Updates to our Terms of Use

We are updating our Terms of Use. Please carefully review the updated Terms before proceeding to our website.

Wednesday, April 17, 2024 | Back issues
Courthouse News Service Courthouse News Service

One year after Jan. 6 attack, fight for justice remains a Herculean task

On the first anniversary of the insurrection, common ground over the attack is as remote for the American public as for the lawmakers, Republican and Democratic alike, whose lives were threatened that day.

WASHINGTON (CN) — It's been one year. One year since a noose and gallows stood outside Congress. One year since police found two pipe bombs on Capitol Hill. One year since five people lost their lives amid the chaos. One year since a mob supporting the former president stormed the seat of America's government, intent on overturning a democratic presidential election. One year since the Jan. 6 insurrection.

Over the course of that year, more than 700 people have been arrested, a House committee has begun investigating the attack, and criminal charges have been brought against members of former President Donald Trump's administration for icing that panel out of information.

As ever, though, political lines have complicated the country's bid for justice. The very name, Justice for Jan. 6, was adopted in September 2021 by a group that opposes the prosecution of those who participated in the insurrection.

Those in favor of prosecution, on the other hand, say the charges should not end with the people who stormed the Capitol. They want more charges brought against any members of the Trump administration or Congress who egged on the attack or failed to intervene when they had a duty to, and they want bipartisan voting rights legislation at the federal level to revive faith in American elections.
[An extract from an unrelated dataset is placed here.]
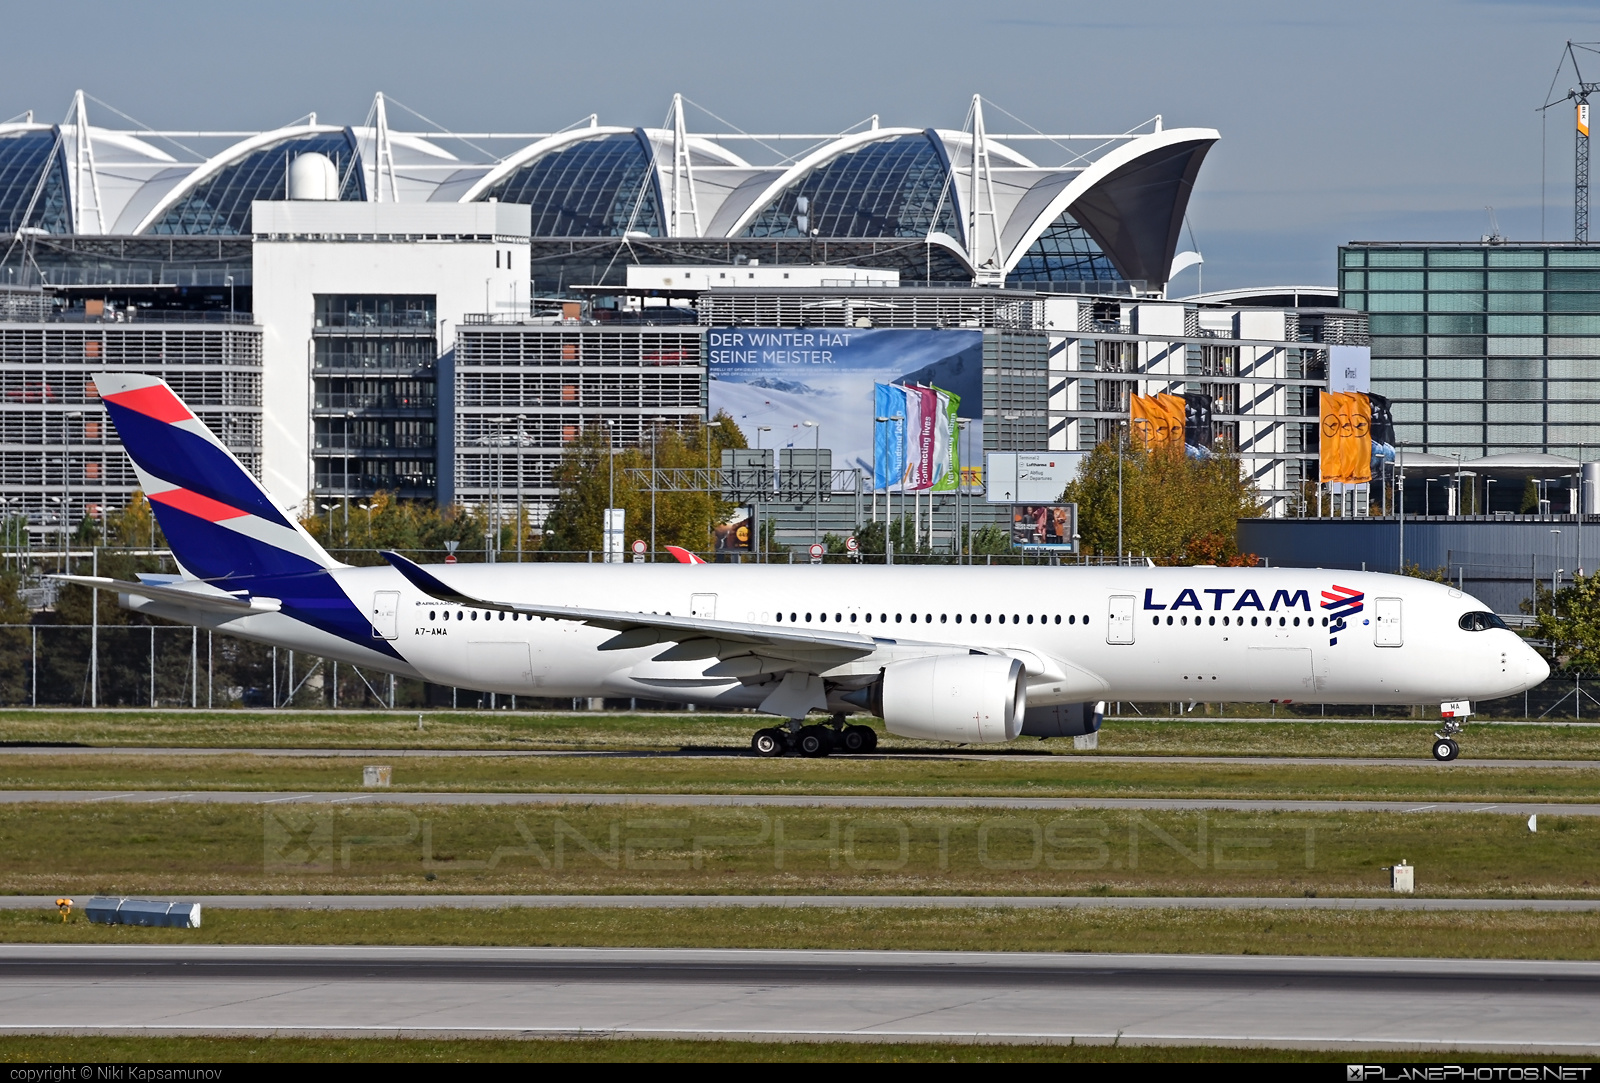 Qatar Airways Airbus A350-941 - A7-AMA #a350 #a350family #airbus #latam #qatarairways #xwb

But whether Jan. 6 is spoken of as a mere political protest or the day American democracy stood just one vice president away from its collapse differs greatly between Republicans and Democrats. That framing is important, experts say, because without course correction it could put the country on a path of increased polarization and contested elections for years to come.

Followers of the ‘Big Lie’

Of the more than 700 people charged criminally for participating in the attack, 150 people have pleaded guilty to charges ranging from illegally parading inside the Capitol to obstructing an official government proceeding — in this case, the certification of President Joe Biden's 2020 election win.

Robert A. Pape, professor of political science at the University of Chicago specializing in international security affairs and director of the Chicago Project on Security and Threats, said the prosecutions hold significance because the intent of the crimes was not merely to destroy property.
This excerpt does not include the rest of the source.